The dataset for the **dependent variable has to be encoded** because the dependent variable consists of **Yes's and No's which can be rewritten as 0's and 1's** for the model to better understand.

In [18]:
from sklearn.preprocessing import LabelEncoder

In [21]:
encoder = LabelEncoder()
y = encoder.fit_transform(y)
print(y)

[0 1 0 0 1 1 0 1 0 1]


> Initialize the variable **encoder as an object** of the LabelEncoder class. Then use the **.fit_transform() method to apply** the encoding on the y subset.

## Splitting the dataset

Splitting the dataset consists of **making two seperate sets - a training set and testing set** which will be used for training the model and evaluating it. Splitting the data is done **before feature scaling**, scaling all features to make them even, **because the test set is supposed to be a brand new set** to which you should be evaluating your machine learning model. You **must treat it like a brand new dataset so you cannot apply the same feature scaling** to the testing set to prevent information leakage.

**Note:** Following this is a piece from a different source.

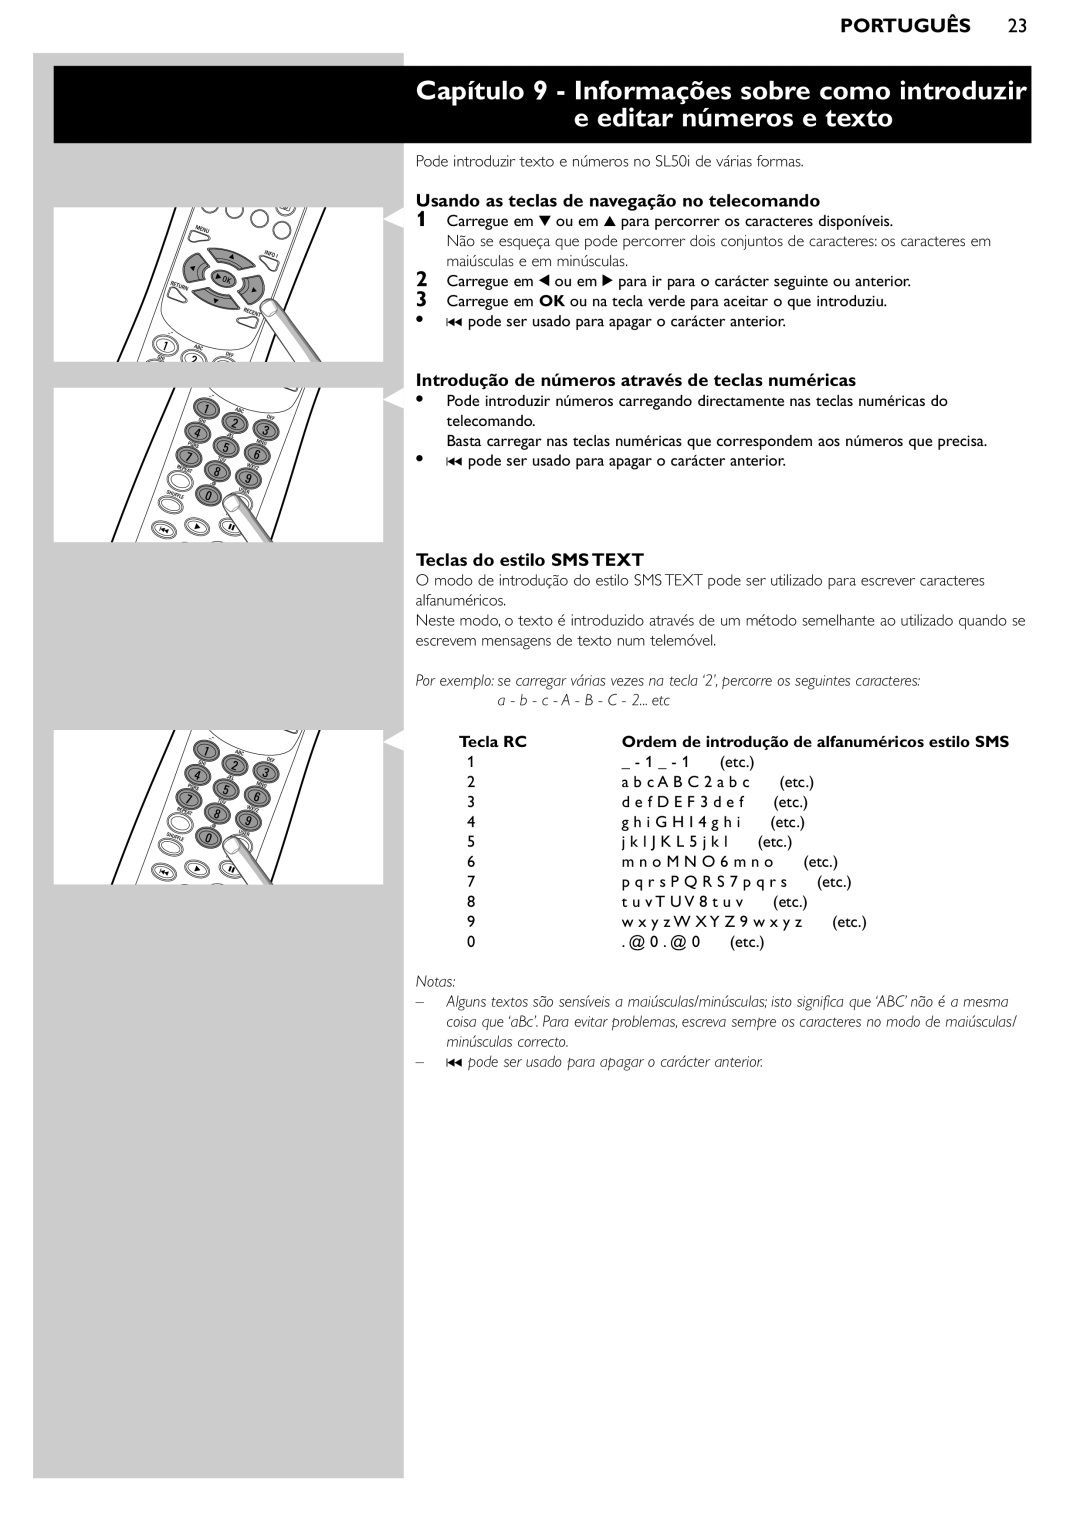 Philips SL50i manual Usando as teclas de navegação no telecomando, Introdução de números através de teclas numéricas 
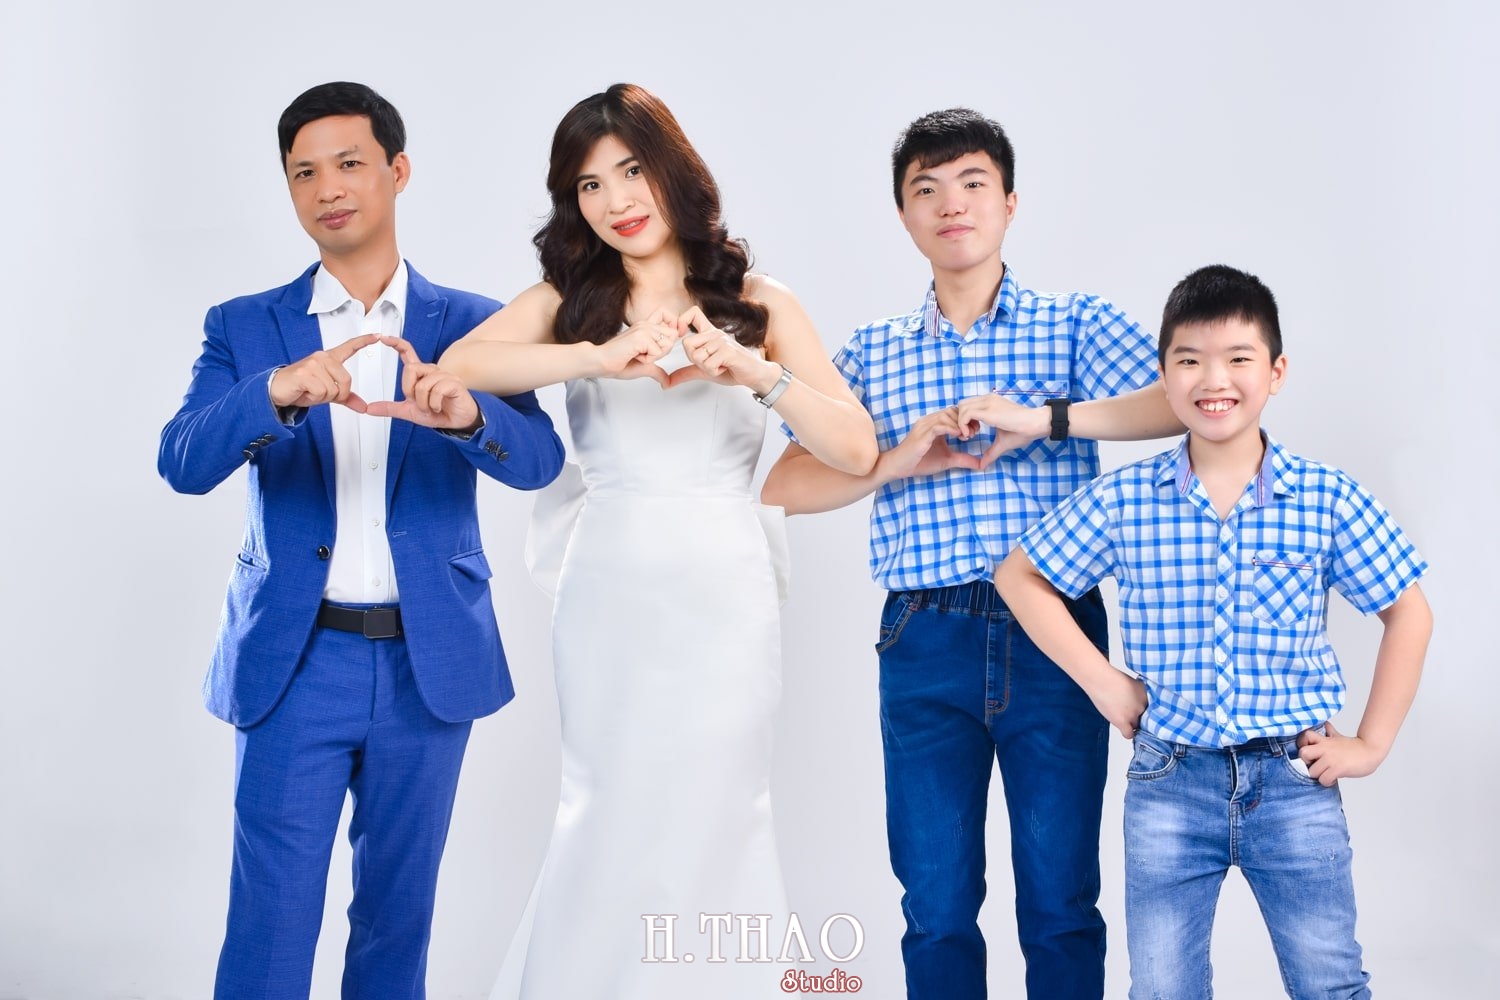 Anh gia dinh 4 nguoi 9 min - Chụp ảnh kỷ niệm 15 năm ngày cưới gia đình chị Tho- HThao Studio

Use the **train_test_split function** from scikit-learn **to divide the data into four** sections - features and dependent variable sets for both the training and testing sets.

In [22]:
from sklearn.model_selection import train_test_split

We are now going to divide the X (features) and Y (dependent variable) randomly with a **random_state of 1 so we can replicate our results**. And making sure the **size of the testing set is 20%** meaning training set is 80%

In [23]:
X_train, X_test, y_train, y_test = train_test_split(X, y, test_size = 0.2, random_state = 1)

In [25]:
print(X_train)

[[0.0 1.0 0.0 0.0 1.0 38.77777777777778 52000.0]
 [0.0 1.0 0.0 1.0 0.0 40.0 63777.77777777778]
 [1.0 0.0 1.0 0.0 0.0 44.0 72000.0]
 [0.0 1.0 0.0 0.0 1.0 38.0 61000.0]
 [0.0 1.0 0.0 0.0 1.0 27.0 48000.0]
 [1.0 0.0 1.0 0.0 0.0 48.0 79000.0]
 [0.0 1.0 0.0 1.0 0.0 50.0 83000.0]
 [1.0 0.0 1.0 0.0 0.0 35.0 58000.0]]


In [24]:
print(X_test)

[[0.0 1.0 0.0 1.0 0.0 30.0 54000.0]
 [1.0 0.0 1.0 0.0 0.0 37.0 67000.0]]


## Feature Scaling

Feature scaling allows us to **scale our features evenly so some features do not dominate other features** (outliers). This process can look different for every project but we usually want all of our **features to be in a similar range**. 

In [27]:
from sklearn.preprocessing import StandardScaler
scaler = StandardScaler()

In [28]:
X_train[: , 3:] = scaler.fit_transform(X_train[: , 3:])
X_test[: , 3:] = scaler.fit_transform(X_test[: , 3:])

> Use the variable **scaler as an instance object** of the StandardScaler class, then use the **.fit_transform to apply** the scaler to the specified subset.